It stains your clothes.
It makes you look like you just got out of the shower.
It makes you feel like you need a shower (another one).
It weighs down your eyelashes.
It makes you want to wipe down your face with a dew rag, and I hate dew rags.
It tickles and distracts you when beads of perspiration form around your neck and zigzag down the entire length of your back then careen down into your crack.
It smells.
It gets into your ears or mouth.
It makes you slippery. It makes you not want to hug people (and hugging is good).
It makes you want to tie your hair back into a pony tail, and hell, even with a pony tail, you can still tell that you’re sweating.
It makes the waistband of your pants feel especially prickly.
It becomes the focal point of your attention even when you have plenty of other things you could pay attention to.
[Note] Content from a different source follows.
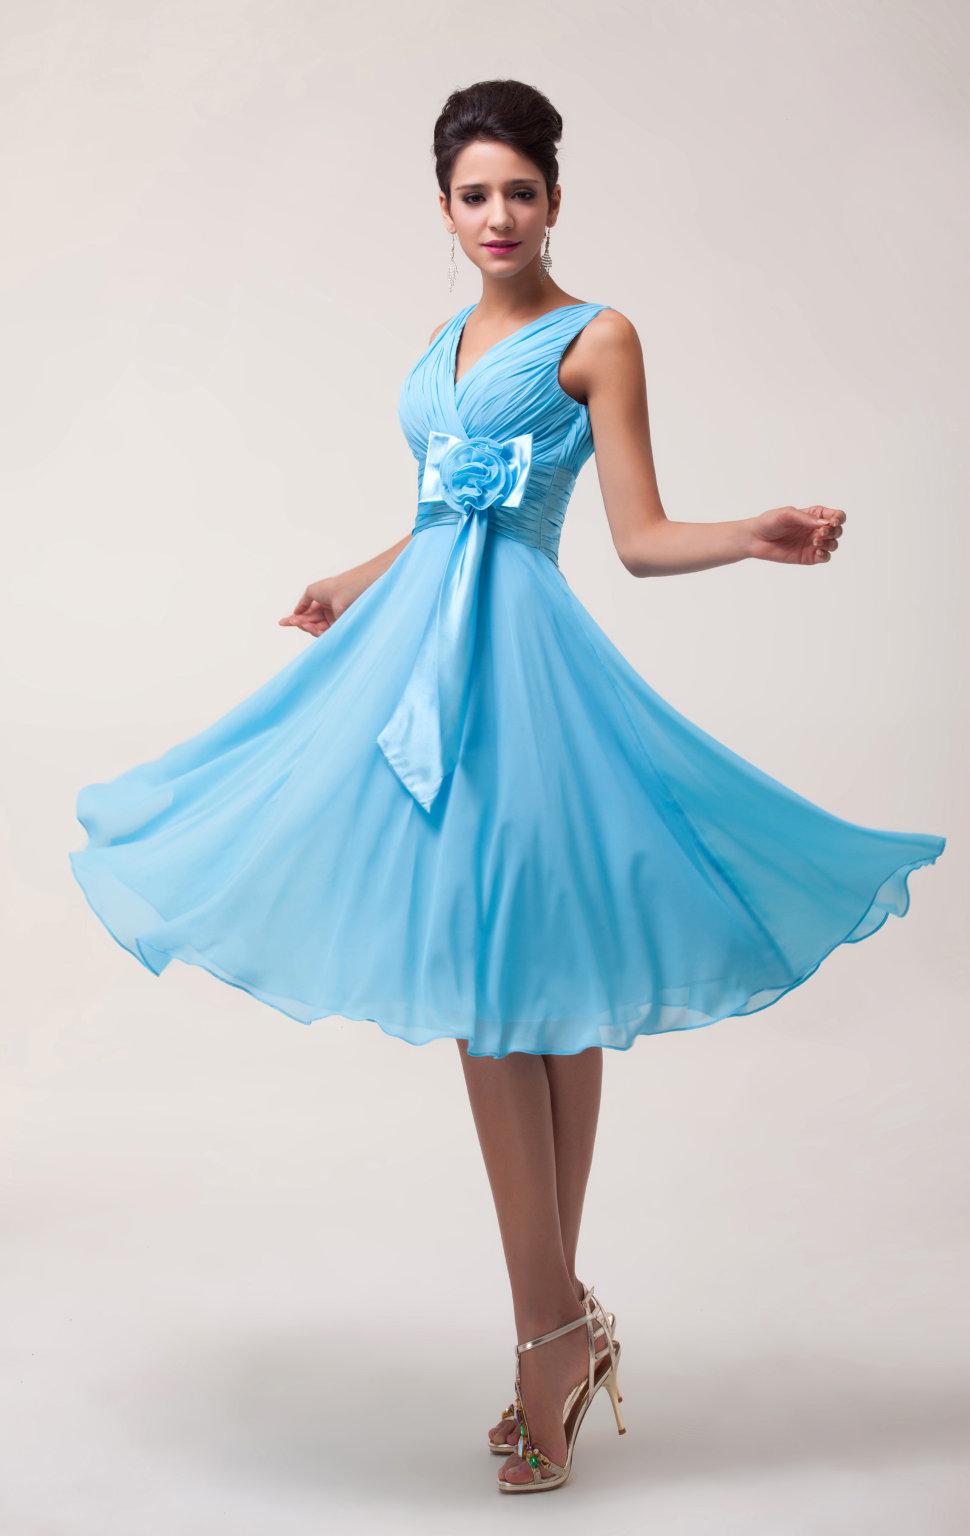 bfb16ea7f21 Вечернее платье на выпускной бал » — карточка пользователя nefrina90 ...
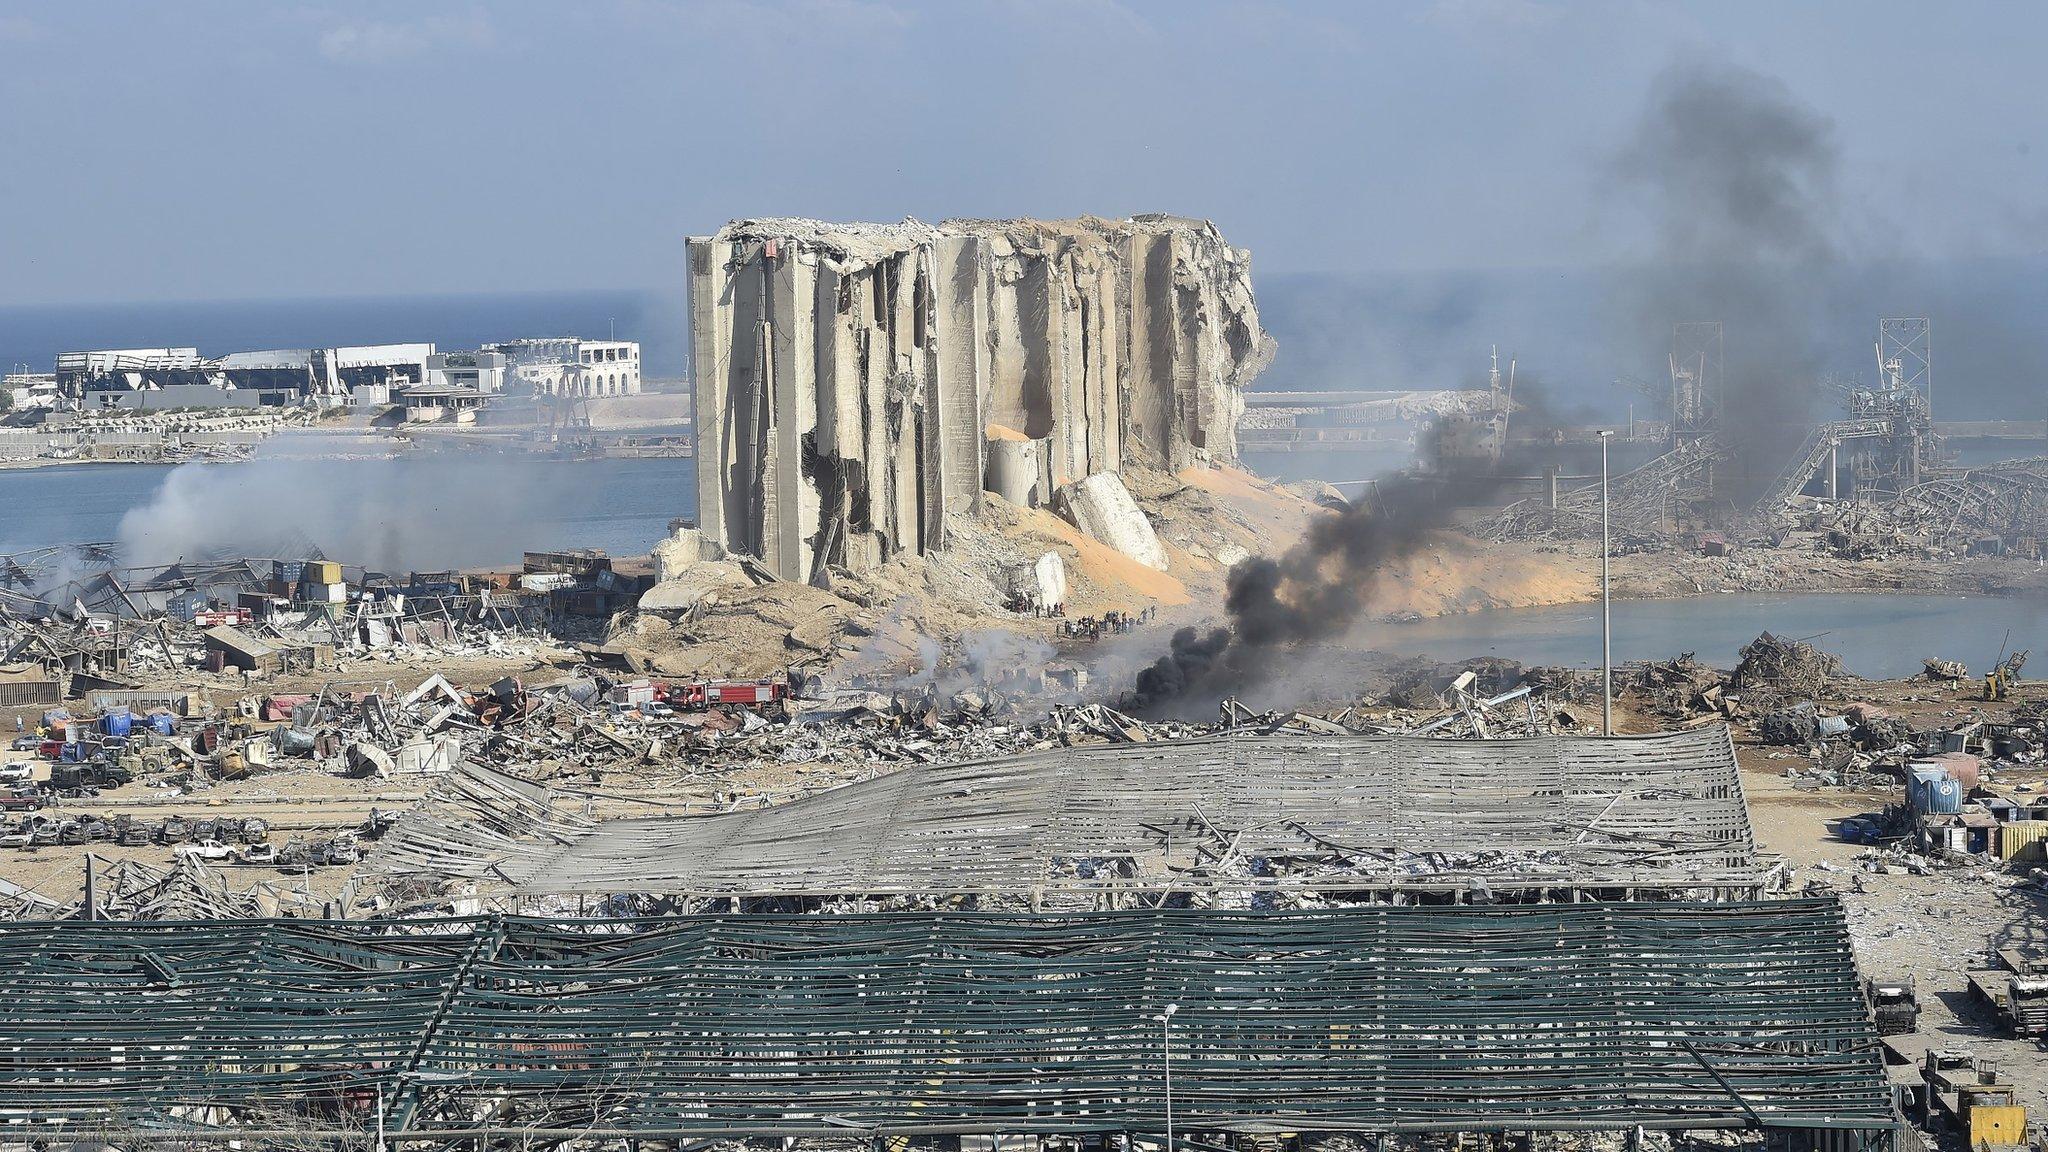 Взрыв в Бейруте: поиск пропавших, подсчет жертв и страх перед будущим

So, this afternoon, it was 90 degrees in the shade kind of hot. My toes were sticking to each other and sticking to the soles of my sandals. I was watching Black Joe and the Honeybears play to a crowd at the Sheffield Garden Walk. The back of my shirt had become a wet magnet. The crowd around me was probably, on average, 20-25 years younger and they didn’t seem to be sweating. (Did I mention the fact that sweat is even more awful when the people around you aren’t getting their share?) I was thinking about how much I hated sweat. Then the slightest of breezes wafted through the stagnant air, spreading out against my back, touching every centimeter of wetness, opening and cooling every over-heated pore.
God, I love sweat!
Having an automatic cooling system is no small thing.